Sie schnappte hörbar nach Luft.

„Warum tötest du mich dann nicht gleich?", ihre Wut war deutlich zu hören. „Gute Frage. Ich könnte dich auf der Stelle umbringen, aber dann würde in wenigen Sekunden eine neue reine Seele geboren werden und die Suche von Neuem beginnen. Das Risiko ist zu groß, dass Michael und Gabriel sie zuerst finden." „Also behältst du mich hier, bis du gesiegt hast, um mich dann zu töten?" „Richtig." „Du bist der größte Abschaum", sie ballte ihre Hände zu Fäusten und musste sich sehr stark zurückhalten, sonst wäre sie ihm an die Gurgel gesprungen. Er zuckte unbeteiligt die Schultern und drehte sich um, um sie allein zu lassen.

Als er um die nächste Ecke und somit aus ihrem Blickfeld verschwunden war, verpuffte ihre Wut und machte der Verzweiflung Platz.

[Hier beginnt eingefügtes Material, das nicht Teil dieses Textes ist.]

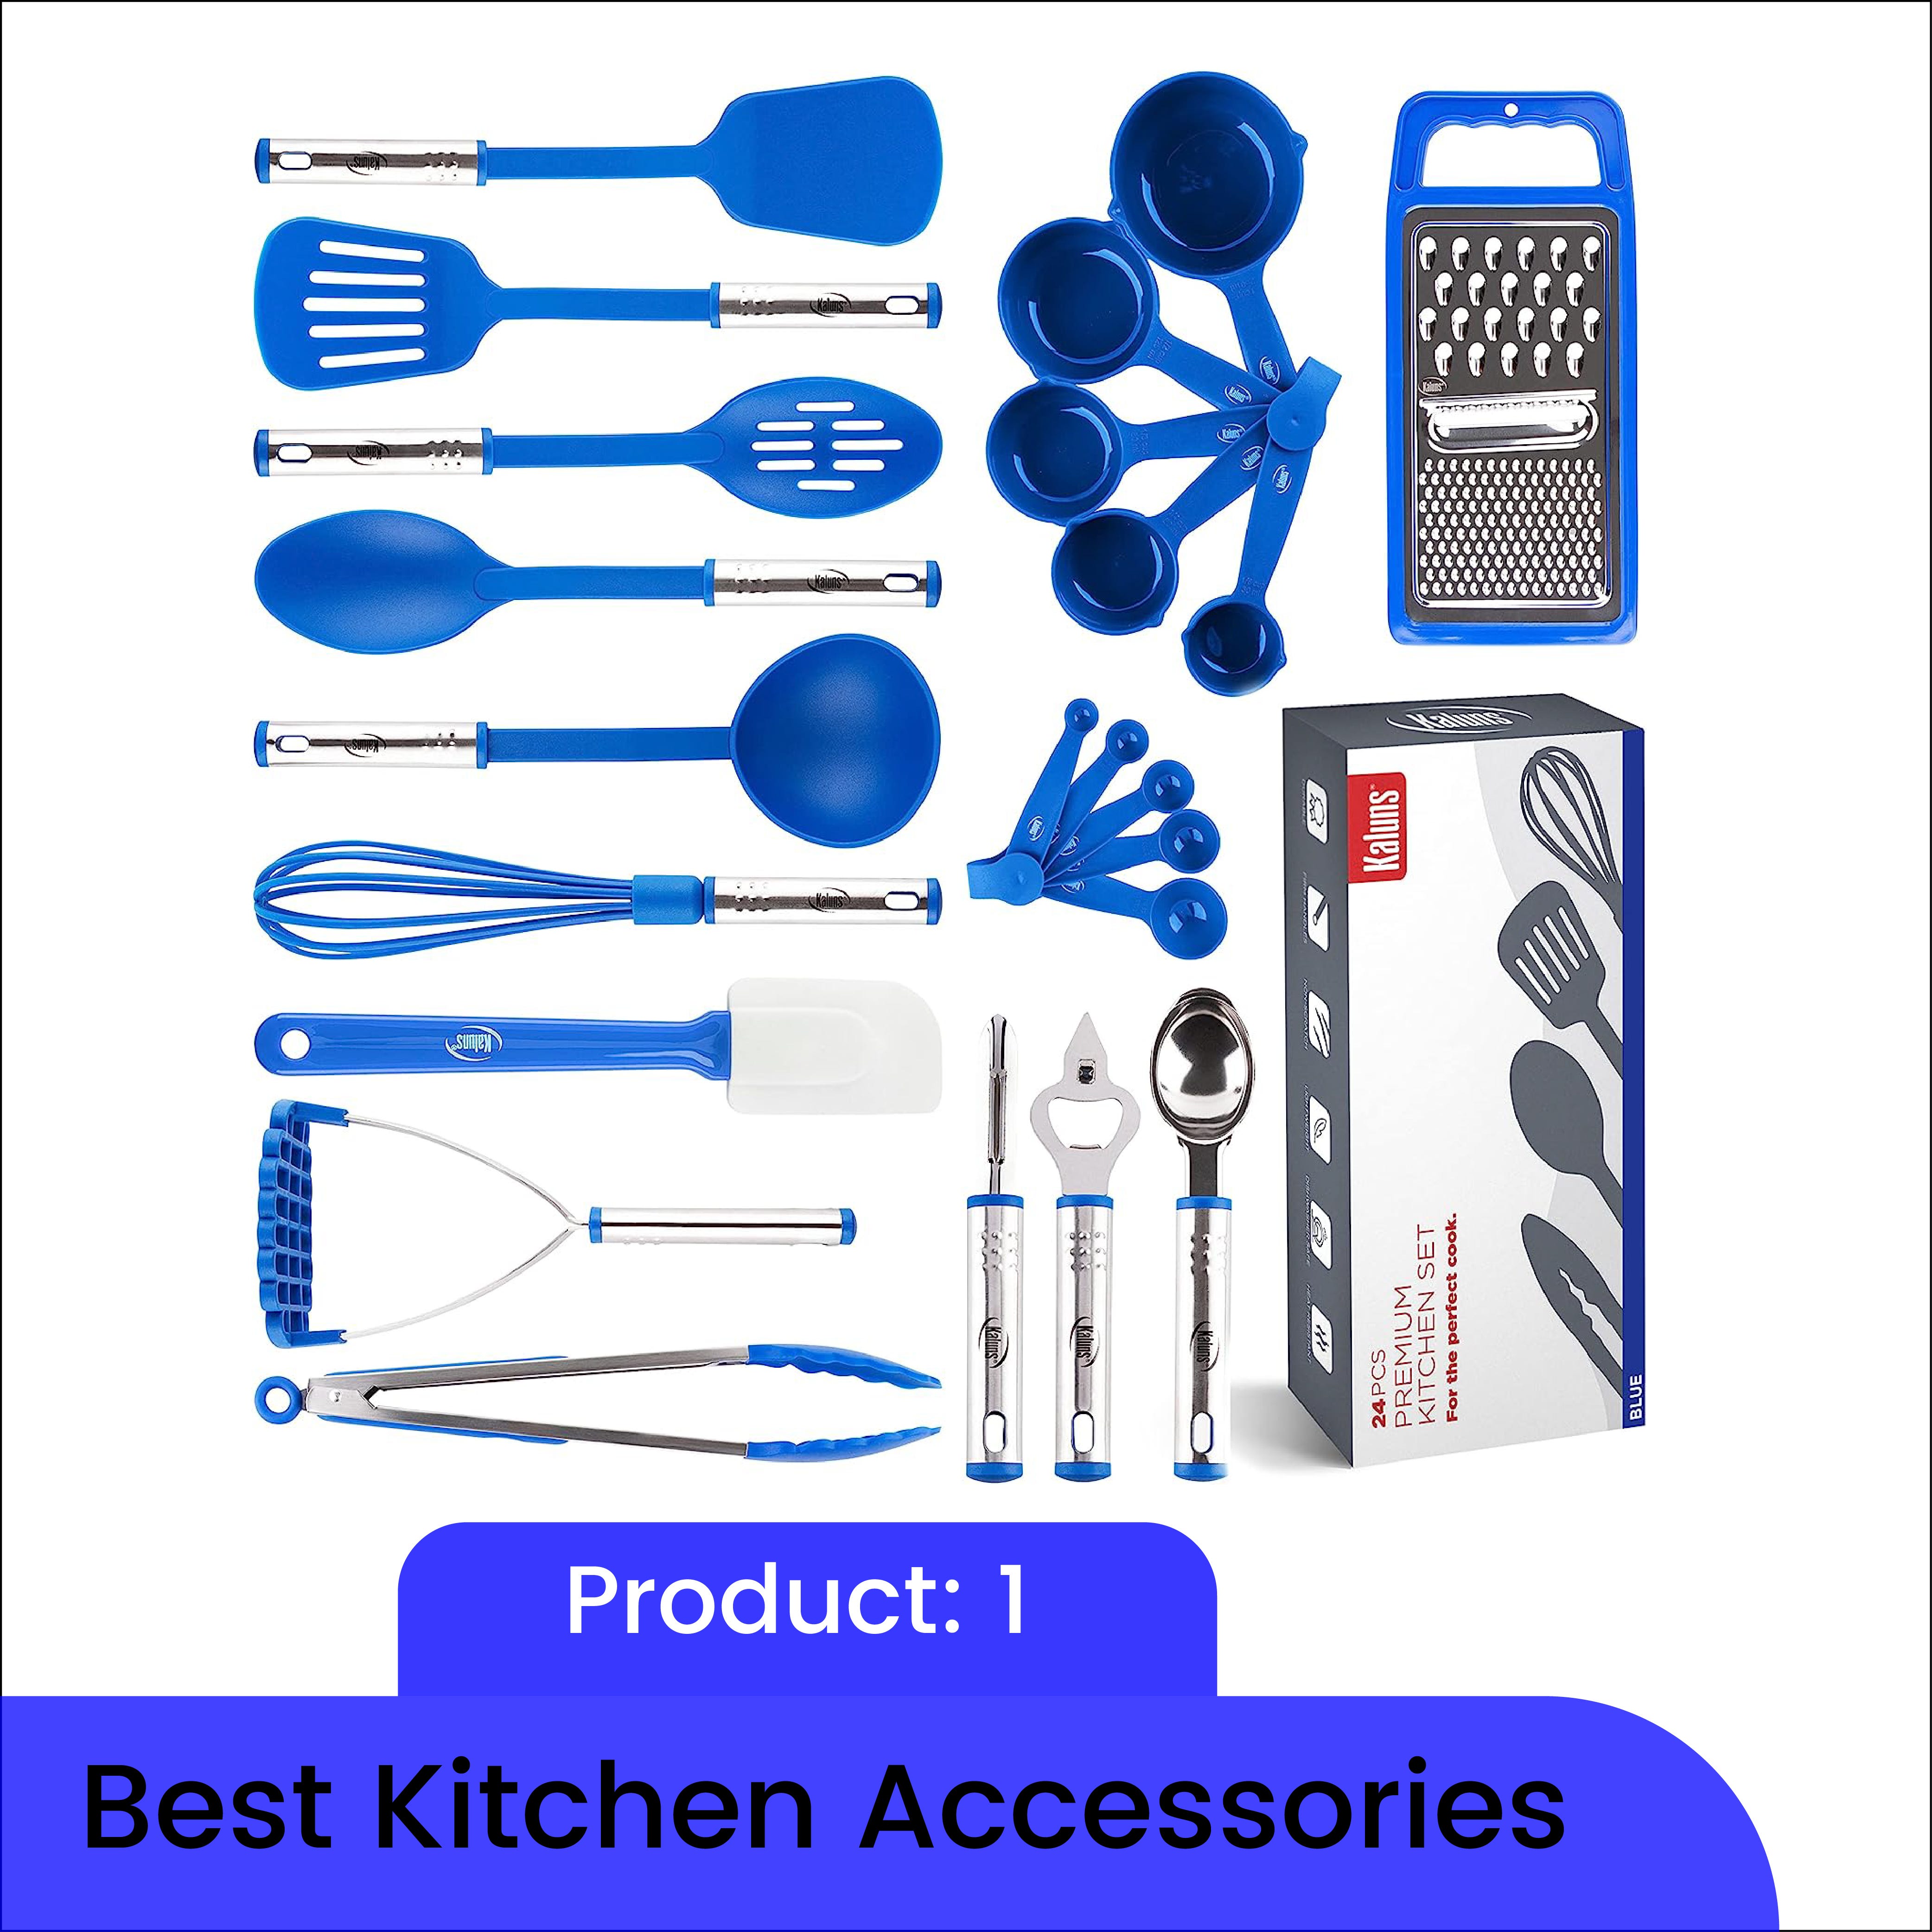 Best Kitchen Accessories

Sie würde also sterben. Aber vorher noch ihre Familie und all ihre Freunde. Ganz zu schweigen von dem Rest der Menschheit.

Sie hatte irgendwie gehofft hier herauszukommen und wieder in ihr altes Leben schlüpfen zu können. Ihre Familie und ihre Freunde wiedersehen zu können, aber diese Hoffnung wurde soeben zerstört.

Sie hatte all ihre Liebsten bereits verloren.